I really like some of the girls so far. I'm rooting for Isis because  in that epi last season where she was just an extra, she really did outshine that other  girl. I got SO angry when she was trying to do her shoot and those girls were behind the thing trying to talk shit :/ But she just kept it 100 and asked them not to do that, and went on and had an AMAZING shot. I mean, she looked beautiful and she captured the message completely.

I also like Sheena, Marjorie, Elina, and the Brittney with the flaming red hair. Elina [the Angelina looking girl] could get it.


----------



## M.A.C. head. (Sep 4, 2008)

Oh yes, and I'm VERY pleased with the first elimination.

She wasn't model material anyways and she was an asshole.

Clark is next on my hit list. She bothers the shit out of me, and she looks like the type of girl that I would have molly whopped in high school.


----------



## j_absinthe (Sep 4, 2008)

Transvetite - a male who wears women's clothing (many times for sexual fetishism)
Transgender - a person born of one sex who feels that they are another
Transsexual - a person who has had their gender reassigned through hormones and/or surgery

With that out of the way, I'm so pissed at myself for missing this garbage last night! I guess I'll just have to wait for one of the 104,032 times it'll repeat on VH1 over the next 2 years or so.
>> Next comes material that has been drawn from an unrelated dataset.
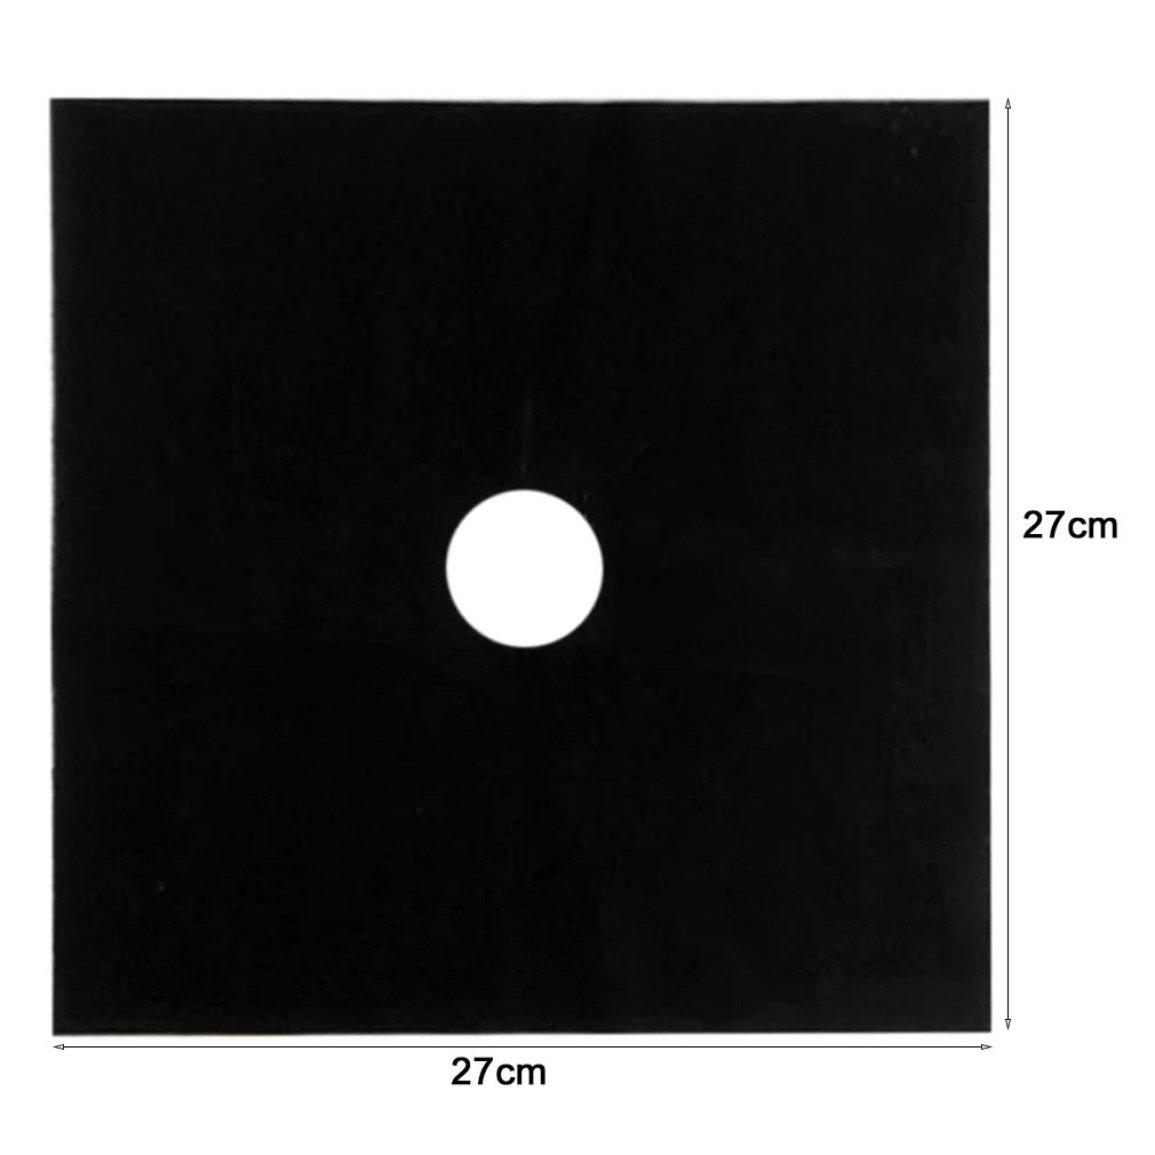 be89ab3eade2 Etui A5 960 étiquettes rondes vertes 15 diam Apli A114311 consommable  photocopieur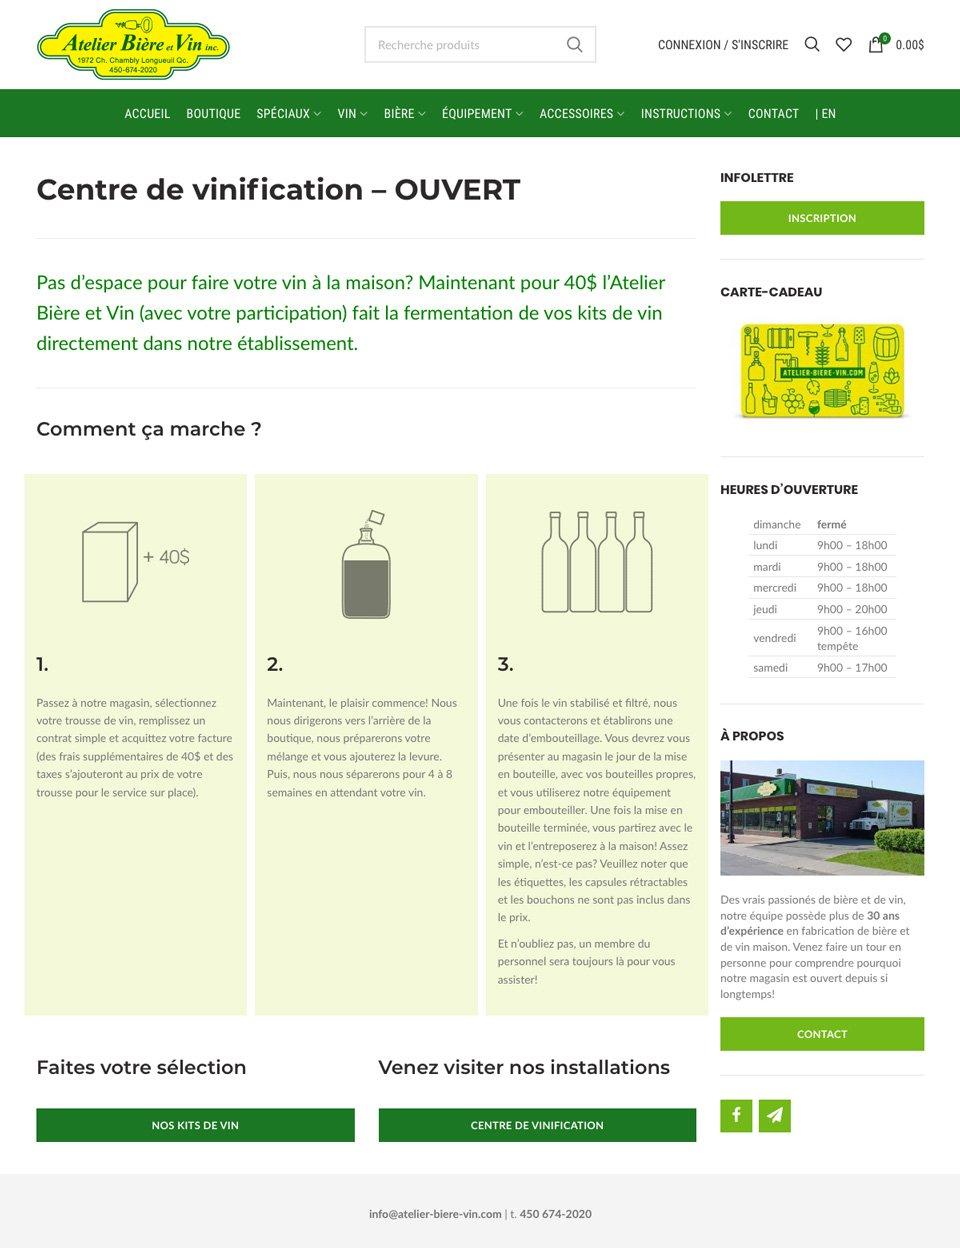 atelier-biere-vin-site-web-page-centre-vinification Atelier Bière et Vin - Site Web

edit: "Molly whopped"...lulz. Kudos to you for bringin' that back.


----------



## MACgirl (Sep 4, 2008)

i loooved last nites cycle, even tho in the begining i was like this is so corny, come one! lol. I loooove elina, analiegh, isis, mckey, hannah and marjorie.
clark is so bitch, she reminds me of cycle 8s renee but worse. The thing with her is she talks so much about the other girls and its only the first episode! im glad sharaun got booted, she was ignorant and thought she had isis beat, she didnt even have a "look". elina is one of those girls that i feel will take aaaamzing pictures but the judges will critisize her for not having a likable personality, marjorie's nerves will get the best of her, isis i feel will at least make it over seas, mckey will go far and improve weekly, hannah will get booted becuase of her lack to bring anything to her shots, brittany will get booted for thinking she is a know it all in shoots, those are my predictions so far! anywho isis had the best shot last nite i feel, yay for her getting called in second! sheena is soo pretty! i think she might take this or at least make it to the top 3 or 2.


----------



## kimmy (Sep 4, 2008)

antm is so rigged but i can't not watch it.


----------



## chocolategoddes (Sep 4, 2008)

First off, the futuristic theme was soo cheesy I couldn't stop laughing. This show can be so corny sometimes. 
But I LOOOOOVVVED Tyra's makeup with the glitter on the inner eye. So gorgeous!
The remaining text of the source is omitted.